NodeCollection dmlShapes = newDoc.GetChildNodes(NodeType.DrawingML, true);
foreach (DrawingML dml in dmlShapes)
{
    if (dml.HasImage)
    {
        string imageFileName = string.Format(
        "Image.ExportImages.{0} Out{1}", imageIndex, FileFormatUtil.ImageTypeToExtension(dml.ImageData.ImageType));
        dml.ImageData.Save(MyDir + imageFileName);
        imageIndex++;
    }
}
Document doc = new Document(MyDir + "in.docx");
LayoutCollector layoutCollector = new LayoutCollector(doc);
LayoutEnumerator layoutEnumerator = new LayoutEnumerator(doc);
NodeCollection shapes = doc.GetChildNodes(NodeType.Shape, true);
int imageIndex = 0;
foreach (Shape shape in shapes)
{
    var renderObject = layoutCollector.GetEntity(shape);
    layoutEnumerator.Current = renderObject;
    int page = layoutEnumerator.PageIndex;
    if (shape.HasImage)
    {
        string imageFileName = string.Format(
        "Image.ExportImages.{0} Out{1}", imageIndex, FileFormatUtil.ImageTypeToExtension(shape.ImageData.ImageType));
        shape.ImageData.Save(MyDir + imageFileName);
        imageIndex++;
    }
}
// Newer Microsoft Word documents (such as DOCX) may contain a different type of image container called DrawingML.
// Repeat the process to extract these if they are present in the loaded document.
NodeCollection dmlShapes = doc.GetChildNodes(NodeType.DrawingML, true);
foreach (DrawingML dml in dmlShapes)
{
    var renderObject = layoutCollector.GetEntity(dml);
    layoutEnumerator.Current = renderObject;
    int page = layoutEnumerator.PageIndex;
    if (dml.HasImage)
    {
        string imageFileName = string.Format(
        "Image.ExportImages.{0} Out{1}", imageIndex, FileFormatUtil.ImageTypeToExtension(dml.ImageData.ImageType));
        dml.ImageData.Save(MyDir + imageFileName);
        imageIndex++;
    }
}

*Wahaj Khan:

Also which formats are supported?*

Aspose.Words supports many of image formats e.g .JPEG, .BMP, .PNG, .EMF, .TIFF, .SVG.

May be there is some misunderstanding… basically I want to generated images of the pages of the word document so that I can render instead of extracting images inside word document. Is the code supplied above performs that?

Also what output image formats is supported?

Hi Wahaj,

Thanks for sharing the detail. Please use the following code example to convert each page of document to image file format.

ImageSaveOptions class allows to specify additional options when rendering document pages or shapes to images. The output save format can be Tiff, Png, Bmp, Emf or Jpeg.

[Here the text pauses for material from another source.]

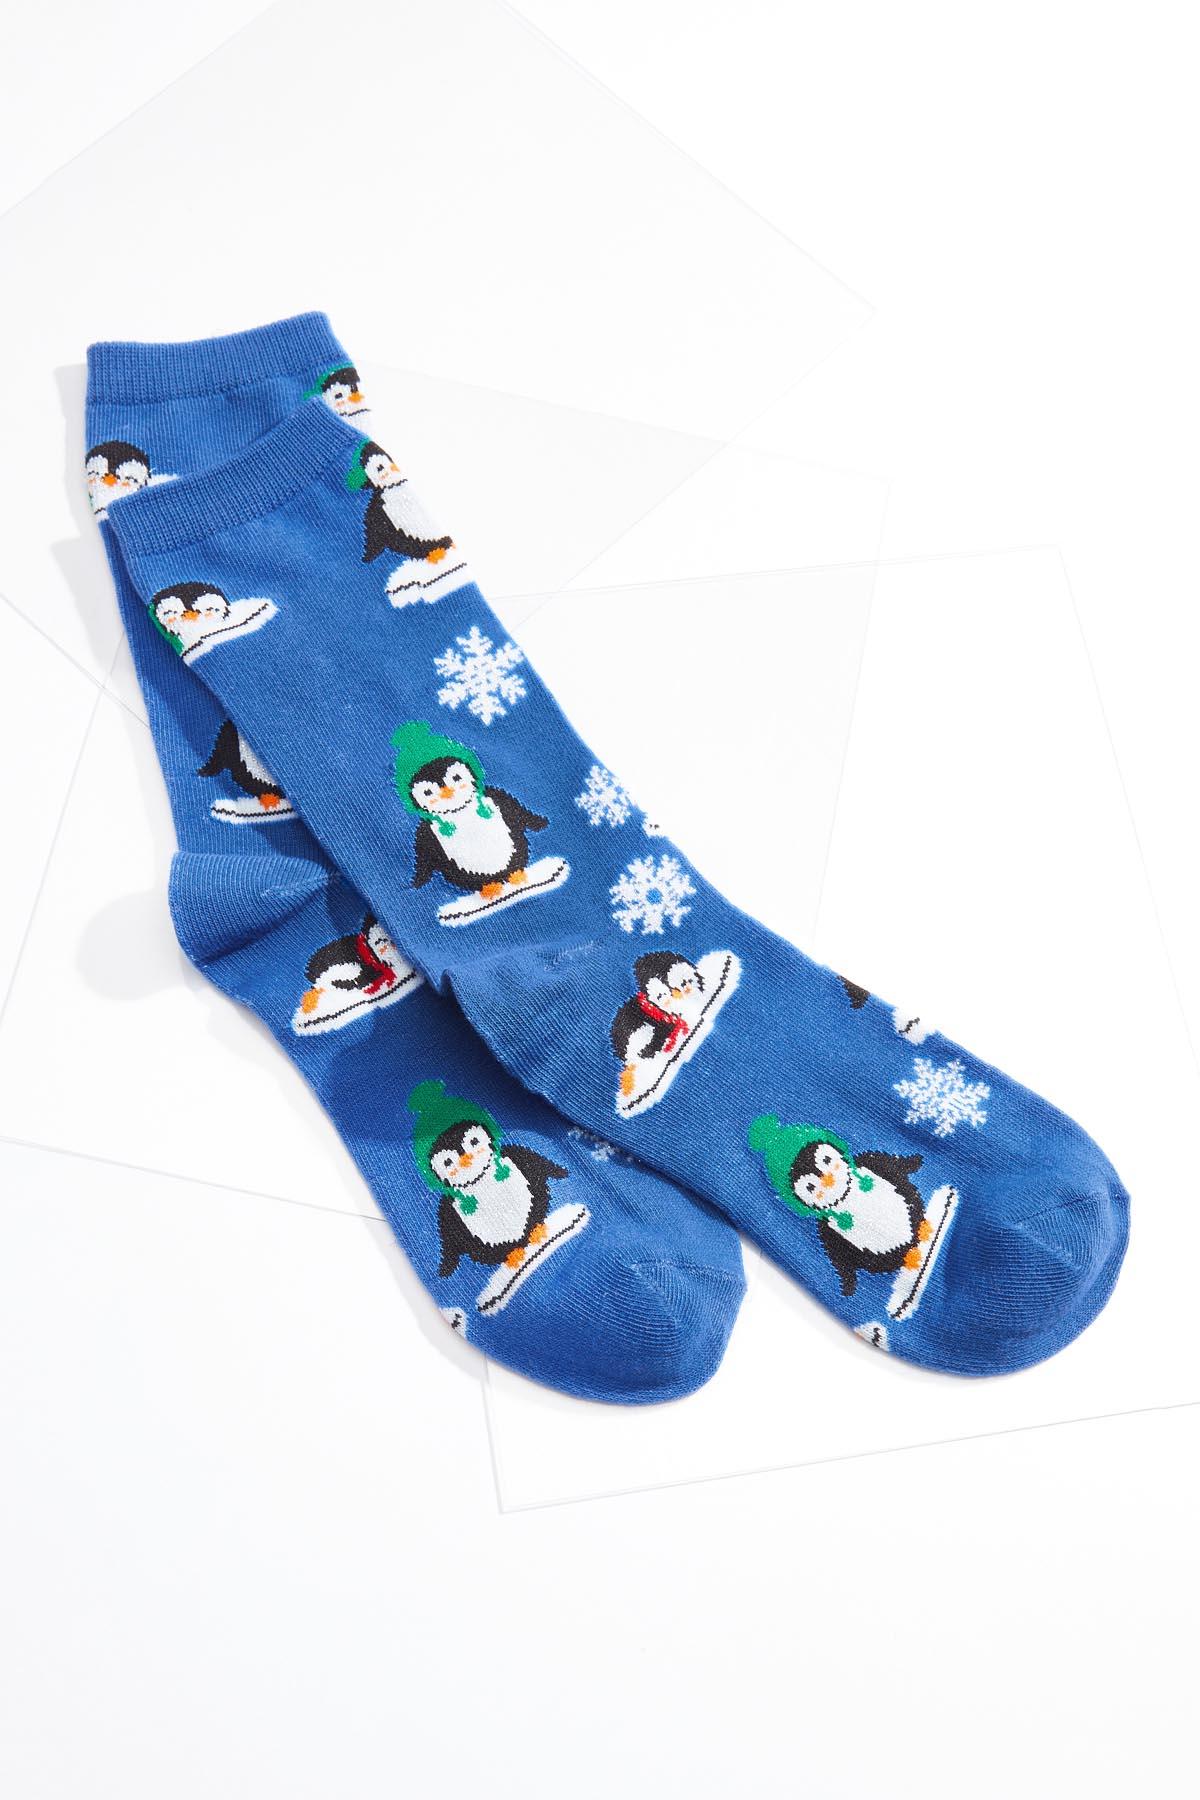 Penguins On Ice Socks
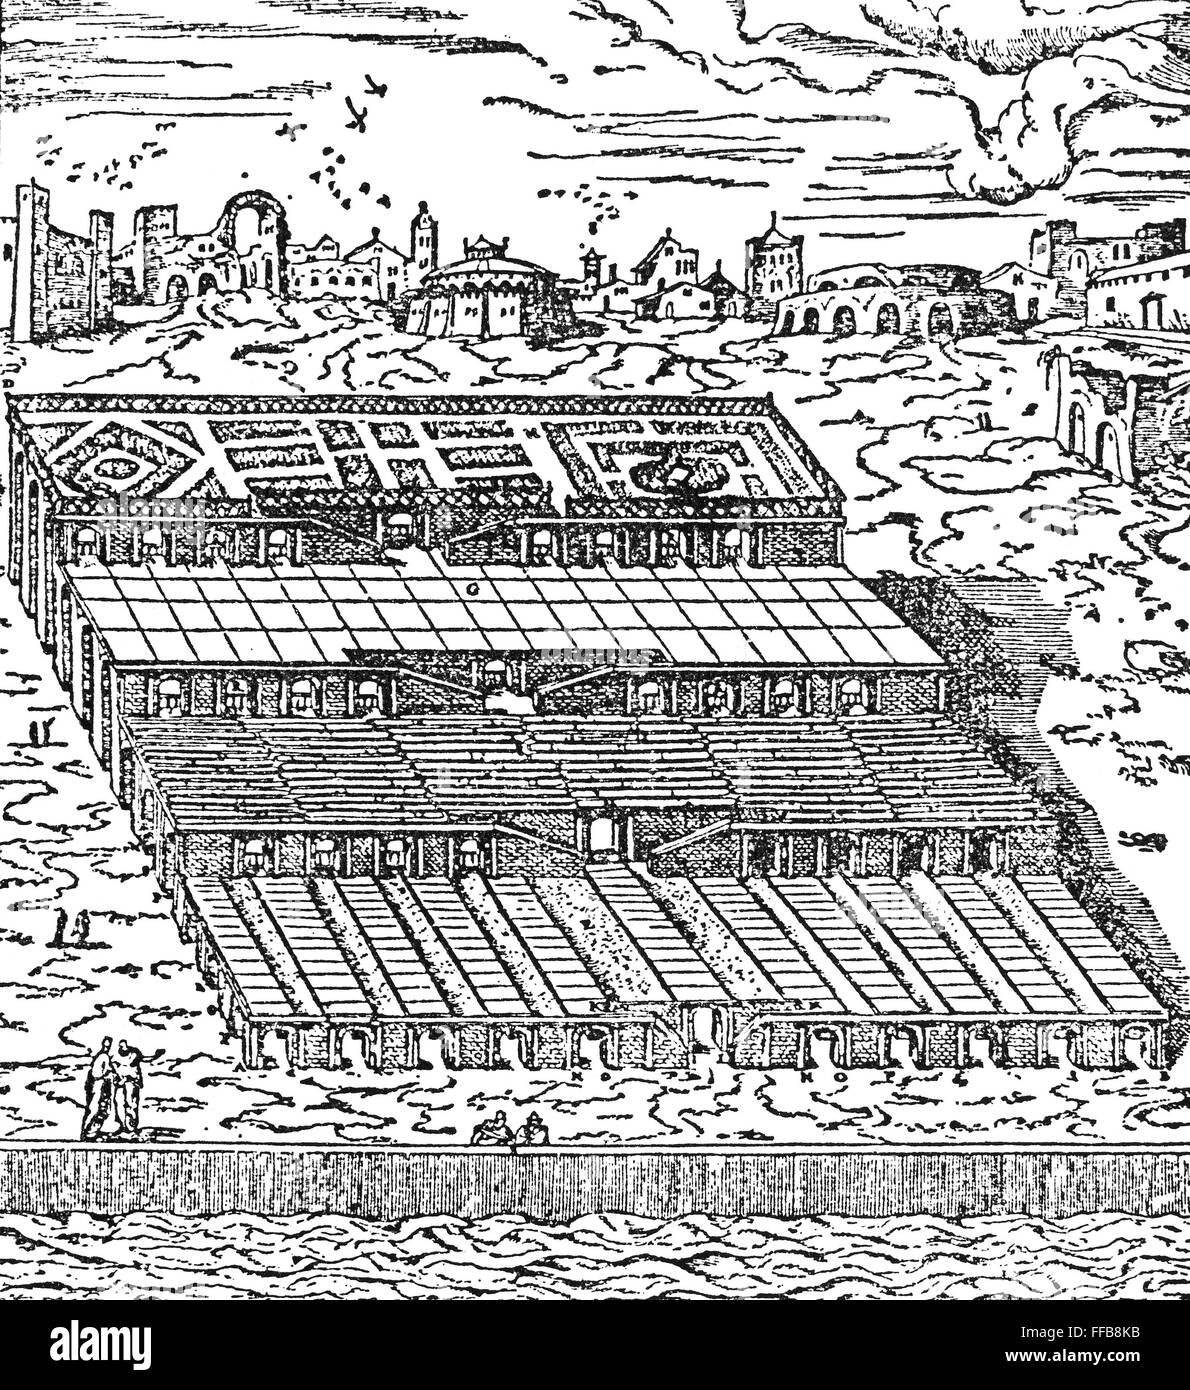 Babilonia: jardines colgantes. /Nel Jardines Colgantes de Babilonia. Reconstrucción en xilografía, 1592, a partir de la descripción por Heródoto (C480-C425 a. de C.), quien visitó Babilonia. Foto de stock

Please let us know if you have any more queries.

Document doc = new Document(MyDir + "in.docx");
ImageSaveOptions options = new ImageSaveOptions(SaveFormat.Png);
for (int i = 0; i < doc.PageCount; i++)
{
    options.PageCount = 1;
    options.PageIndex = i;
    doc.Save(MyDir + "Page_" + i + ".png", options);
}

ASA Tahir,

Is this also supported for Aspose Total for Java?

Wahaj

Hi Wahaj,

Thanks for your inquiry. Aspose.Words for .NET and Aspose.Words for Java are “twin brothers” products and together cover most of the popular development environments and deployment platforms.

Yes, you can use Aspose.Words for Java to achieve the same requirements. Please check the following code example.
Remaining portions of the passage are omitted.